» **Assignment**
Would you reproduce exactly the lines below from the one holding "Motorradfahrer mit seiner" through the one holding "Forex Trading Tips", inclusive, and no others?

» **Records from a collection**
────
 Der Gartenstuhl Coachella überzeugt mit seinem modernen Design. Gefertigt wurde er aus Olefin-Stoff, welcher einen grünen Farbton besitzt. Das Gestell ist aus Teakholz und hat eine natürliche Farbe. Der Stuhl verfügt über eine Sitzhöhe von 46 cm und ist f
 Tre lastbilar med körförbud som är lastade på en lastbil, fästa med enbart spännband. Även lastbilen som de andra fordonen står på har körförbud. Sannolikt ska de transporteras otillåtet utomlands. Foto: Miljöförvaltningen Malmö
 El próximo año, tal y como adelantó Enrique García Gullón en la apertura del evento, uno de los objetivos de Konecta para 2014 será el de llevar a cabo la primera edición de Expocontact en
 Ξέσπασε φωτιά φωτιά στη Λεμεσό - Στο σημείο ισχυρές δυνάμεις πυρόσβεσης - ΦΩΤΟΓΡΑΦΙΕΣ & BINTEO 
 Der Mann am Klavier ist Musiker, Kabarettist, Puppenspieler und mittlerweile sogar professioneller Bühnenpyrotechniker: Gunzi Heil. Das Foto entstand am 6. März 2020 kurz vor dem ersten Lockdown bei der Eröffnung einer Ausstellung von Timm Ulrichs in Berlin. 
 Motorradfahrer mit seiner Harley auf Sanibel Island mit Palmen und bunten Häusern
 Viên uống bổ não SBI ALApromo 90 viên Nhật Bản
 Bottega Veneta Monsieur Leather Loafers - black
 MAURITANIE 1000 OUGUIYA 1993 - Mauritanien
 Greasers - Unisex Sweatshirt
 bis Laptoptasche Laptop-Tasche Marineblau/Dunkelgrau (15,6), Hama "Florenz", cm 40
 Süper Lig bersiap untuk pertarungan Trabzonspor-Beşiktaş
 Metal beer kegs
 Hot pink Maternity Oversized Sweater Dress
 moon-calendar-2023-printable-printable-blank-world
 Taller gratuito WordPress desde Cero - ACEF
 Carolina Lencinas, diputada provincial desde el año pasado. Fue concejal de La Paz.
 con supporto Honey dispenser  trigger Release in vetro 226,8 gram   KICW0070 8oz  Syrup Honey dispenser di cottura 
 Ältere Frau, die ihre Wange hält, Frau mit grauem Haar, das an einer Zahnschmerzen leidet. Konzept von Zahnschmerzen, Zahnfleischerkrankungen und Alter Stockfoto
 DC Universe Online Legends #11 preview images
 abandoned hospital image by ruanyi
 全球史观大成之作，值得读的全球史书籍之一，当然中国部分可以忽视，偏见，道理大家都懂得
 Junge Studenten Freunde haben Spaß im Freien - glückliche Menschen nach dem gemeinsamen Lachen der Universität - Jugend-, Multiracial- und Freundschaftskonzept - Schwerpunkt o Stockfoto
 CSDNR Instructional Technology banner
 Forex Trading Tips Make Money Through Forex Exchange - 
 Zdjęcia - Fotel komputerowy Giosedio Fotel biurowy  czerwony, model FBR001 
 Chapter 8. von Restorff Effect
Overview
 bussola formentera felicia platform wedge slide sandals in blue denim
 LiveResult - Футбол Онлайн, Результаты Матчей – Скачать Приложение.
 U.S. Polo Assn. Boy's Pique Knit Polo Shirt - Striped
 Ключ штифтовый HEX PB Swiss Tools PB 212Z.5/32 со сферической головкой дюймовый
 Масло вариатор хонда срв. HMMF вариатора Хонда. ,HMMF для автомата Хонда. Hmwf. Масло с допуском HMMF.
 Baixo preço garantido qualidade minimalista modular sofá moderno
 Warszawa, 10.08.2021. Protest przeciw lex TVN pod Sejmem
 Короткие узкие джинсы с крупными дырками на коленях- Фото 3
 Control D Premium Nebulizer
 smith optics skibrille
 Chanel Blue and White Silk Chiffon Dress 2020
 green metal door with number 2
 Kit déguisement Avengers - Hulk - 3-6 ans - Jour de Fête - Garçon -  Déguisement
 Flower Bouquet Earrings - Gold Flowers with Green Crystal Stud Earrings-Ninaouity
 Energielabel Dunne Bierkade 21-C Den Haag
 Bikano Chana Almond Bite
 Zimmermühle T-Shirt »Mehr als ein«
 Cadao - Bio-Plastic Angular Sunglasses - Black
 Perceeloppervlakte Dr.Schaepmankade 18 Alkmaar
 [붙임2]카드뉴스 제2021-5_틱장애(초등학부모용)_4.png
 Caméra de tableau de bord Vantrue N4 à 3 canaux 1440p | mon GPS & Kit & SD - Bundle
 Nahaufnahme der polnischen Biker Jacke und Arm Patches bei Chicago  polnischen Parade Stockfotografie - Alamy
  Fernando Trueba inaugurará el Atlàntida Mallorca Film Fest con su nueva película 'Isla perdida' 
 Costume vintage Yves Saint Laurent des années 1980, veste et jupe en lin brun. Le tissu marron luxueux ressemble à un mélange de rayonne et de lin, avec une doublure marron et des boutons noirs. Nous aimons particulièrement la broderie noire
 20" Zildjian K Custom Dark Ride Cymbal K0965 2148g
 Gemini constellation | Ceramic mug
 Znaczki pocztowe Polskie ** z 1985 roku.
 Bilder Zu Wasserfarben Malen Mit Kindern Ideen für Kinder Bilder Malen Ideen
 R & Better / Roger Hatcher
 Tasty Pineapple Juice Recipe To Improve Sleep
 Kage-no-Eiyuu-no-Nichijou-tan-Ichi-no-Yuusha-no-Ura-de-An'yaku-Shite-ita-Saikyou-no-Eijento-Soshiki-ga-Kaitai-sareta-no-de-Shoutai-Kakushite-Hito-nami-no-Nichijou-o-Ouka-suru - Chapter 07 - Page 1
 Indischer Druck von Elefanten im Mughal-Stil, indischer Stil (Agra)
────
» **Solution to the problem**
 Motorradfahrer mit seiner Harley auf Sanibel Island mit Palmen und bunten Häusern
 Viên uống bổ não SBI ALApromo 90 viên Nhật Bản
 Bottega Veneta Monsieur Leather Loafers - black
 MAURITANIE 1000 OUGUIYA 1993 - Mauritanien
 Greasers - Unisex Sweatshirt
 bis Laptoptasche Laptop-Tasche Marineblau/Dunkelgrau (15,6), Hama "Florenz", cm 40
 Süper Lig bersiap untuk pertarungan Trabzonspor-Beşiktaş
 Metal beer kegs
 Hot pink Maternity Oversized Sweater Dress
 moon-calendar-2023-printable-printable-blank-world
 Taller gratuito WordPress desde Cero - ACEF
 Carolina Lencinas, diputada provincial desde el año pasado. Fue concejal de La Paz.
 con supporto Honey dispenser  trigger Release in vetro 226,8 gram   KICW0070 8oz  Syrup Honey dispenser di cottura 
 Ältere Frau, die ihre Wange hält, Frau mit grauem Haar, das an einer Zahnschmerzen leidet. Konzept von Zahnschmerzen, Zahnfleischerkrankungen und Alter Stockfoto
 DC Universe Online Legends #11 preview images
 abandoned hospital image by ruanyi
 全球史观大成之作，值得读的全球史书籍之一，当然中国部分可以忽视，偏见，道理大家都懂得
 Junge Studenten Freunde haben Spaß im Freien - glückliche Menschen nach dem gemeinsamen Lachen der Universität - Jugend-, Multiracial- und Freundschaftskonzept - Schwerpunkt o Stockfoto
 CSDNR Instructional Technology banner
 Forex Trading Tips Make Money Through Forex Exchange - 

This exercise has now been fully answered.